Same as PlainPartitionedSource
but with committable offset support.
Convenience for "at-most once delivery" semantics. The offset of each message is committed to Kafka before being emitted downstream.
The same as PlainPartitionedSource
but with offset commit with metadata support.
The PlainPartitionedManualOffsetSource
is similar to PlainPartitionedSource
but allows the use of an offset store outside of Kafka, while retaining the automatic partition assignment.
When a topic-partition is assigned to a consumer, the getOffsetsOnAssign
function will be called to retrieve the offset, followed by a seek to the correct spot in the partition.
The onRevoke
function gives the consumer a chance to store any uncommitted offsets, and do any other cleanup
that is required.
var source = KafkaConsumer.PlainPartitionedManualOffsetSource(consumerSettings, Subscriptions.Topics(topic),
assignedPartitions =>
{
// Handle assigned partitions
},
revokedPartitions =>
{
// Handle partitions that are revoked
})
// Pass message values down to the stream
.Select(m => m.Value);
Are not implemented yet. Waiting for issue akkadotnet#85 to be resolved.
There are some helpers to simplify local development
Sometimes it is useful to have all logs written to a file in addition to console.
There is a built-in file logger, that will be added to default Akka.NET loggers if you will set AKKA_STREAMS_KAFKA_TEST_FILE_LOGGING
environment variable on your local system to any value.
When set, all logs will be written to logs
subfolder near to your test assembly, one file per test. Here is how log file name is generated:
public readonly string LogPath = $"logs\\{DateTime.Now:yyyy-MM-dd_HH-mm-ss}_{Guid.NewGuid():N}.txt";
By default, tests are configured to be friendly to CI - that is, before starting tests docker Kafka images will be downloaded (if not yet exist) and containers started, and after all tests finish full cleanup will be performed (except the fact that downloaded docker images will not be removed).
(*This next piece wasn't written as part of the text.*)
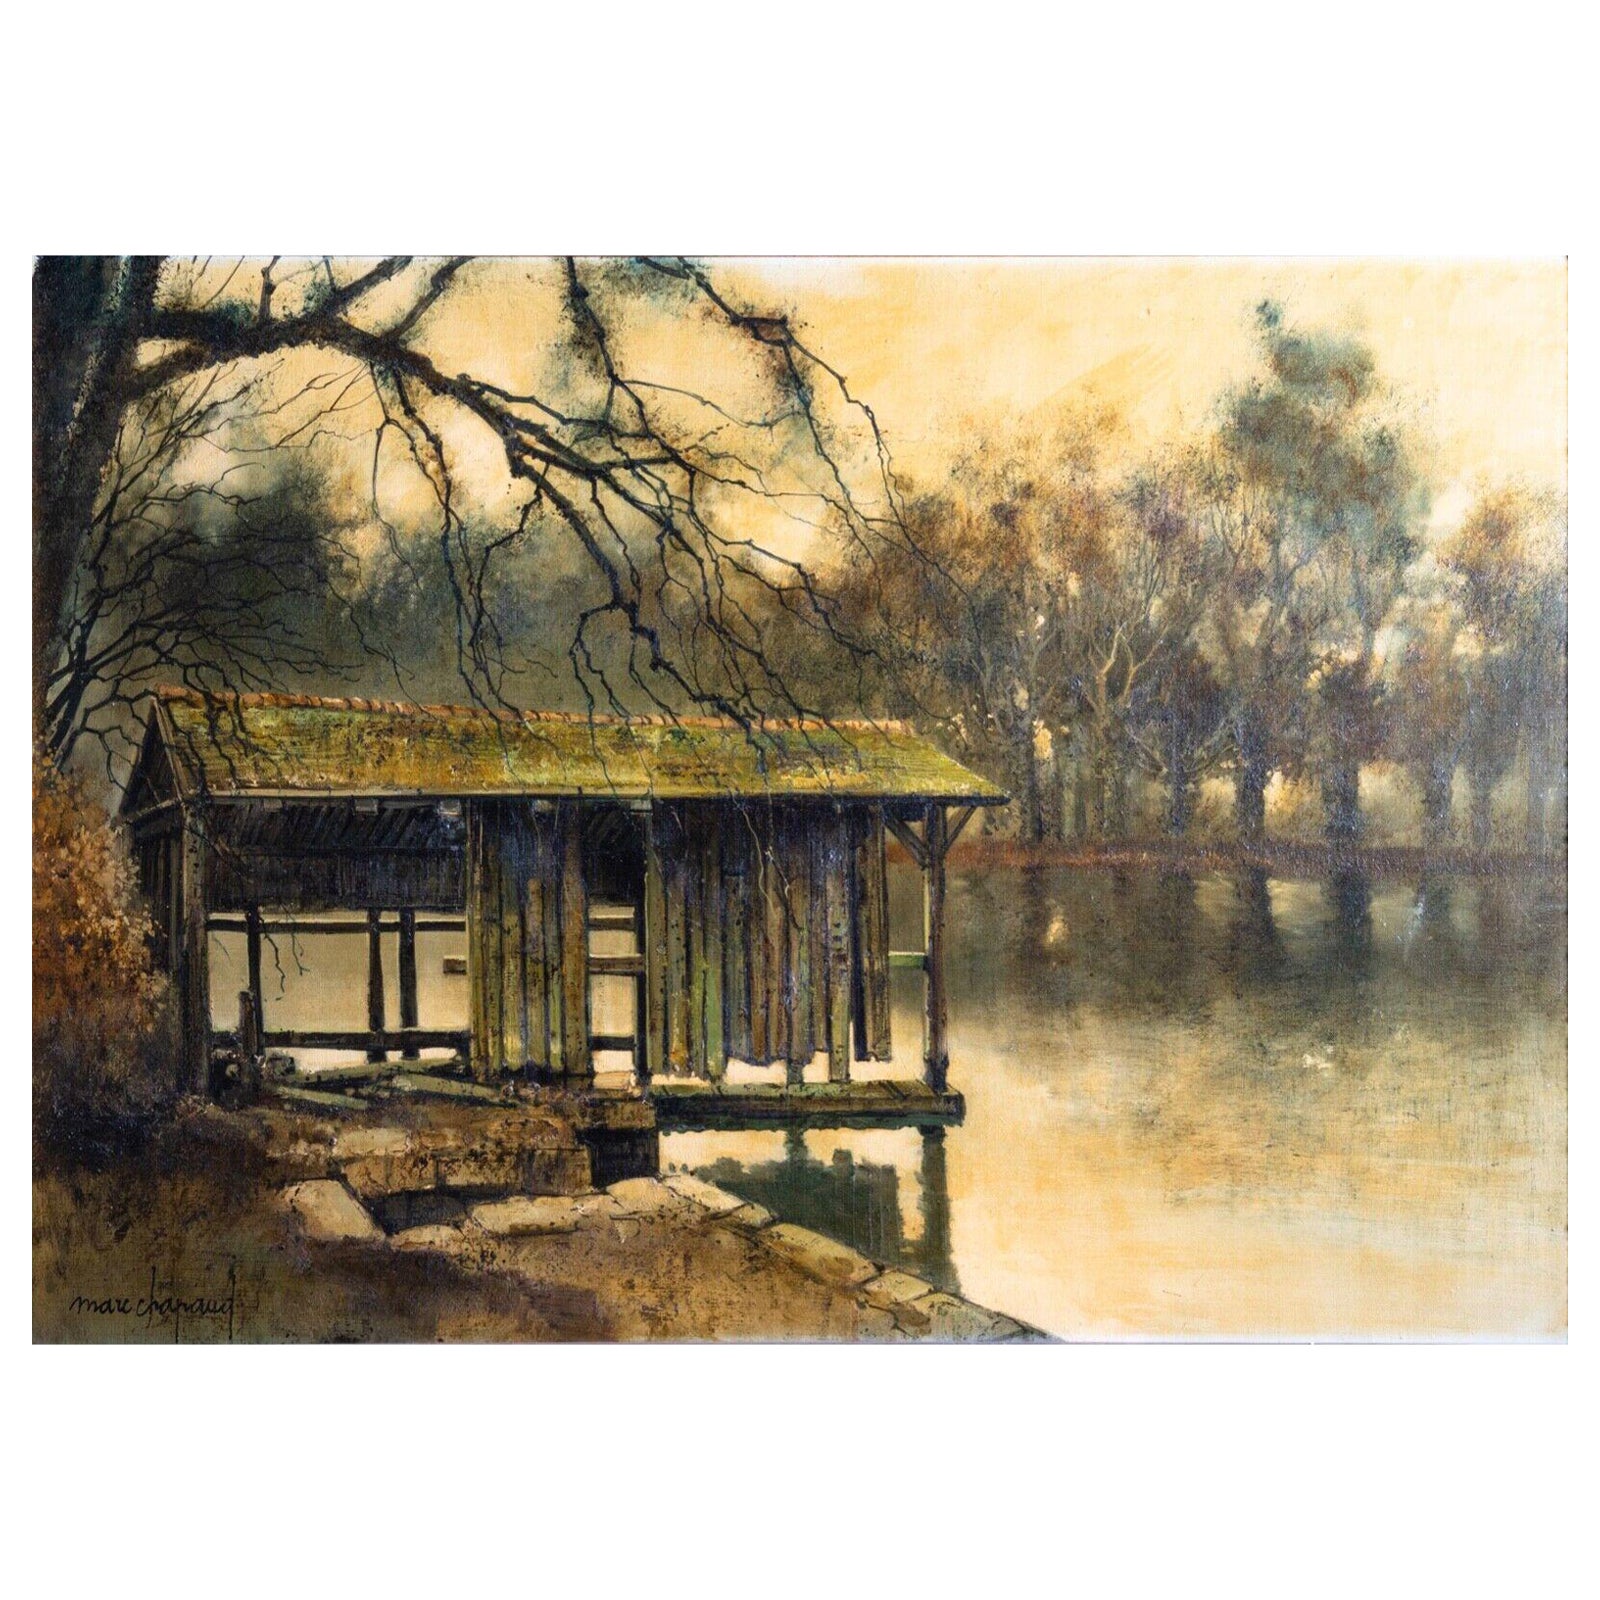 Marc Capaud Etang at Sologne Signed 1975 Oil Painting on Canvas French Landscape For Sale

While this might be useful when running tests locally, there are situations when you would like to save startup/shutdown tests time by using some pre-existing container, that will be used for all test runs and will not be stopped/started each time.
To achieve that, set AKKA_STREAMS_KAFKA_TEST_CONTAINER_REUSE
environment variable on your local machine to any value. This will force using existing Kafka container, listening on port 29092
. Use docker-compose up
console command in the root of project folder to get this container up and running.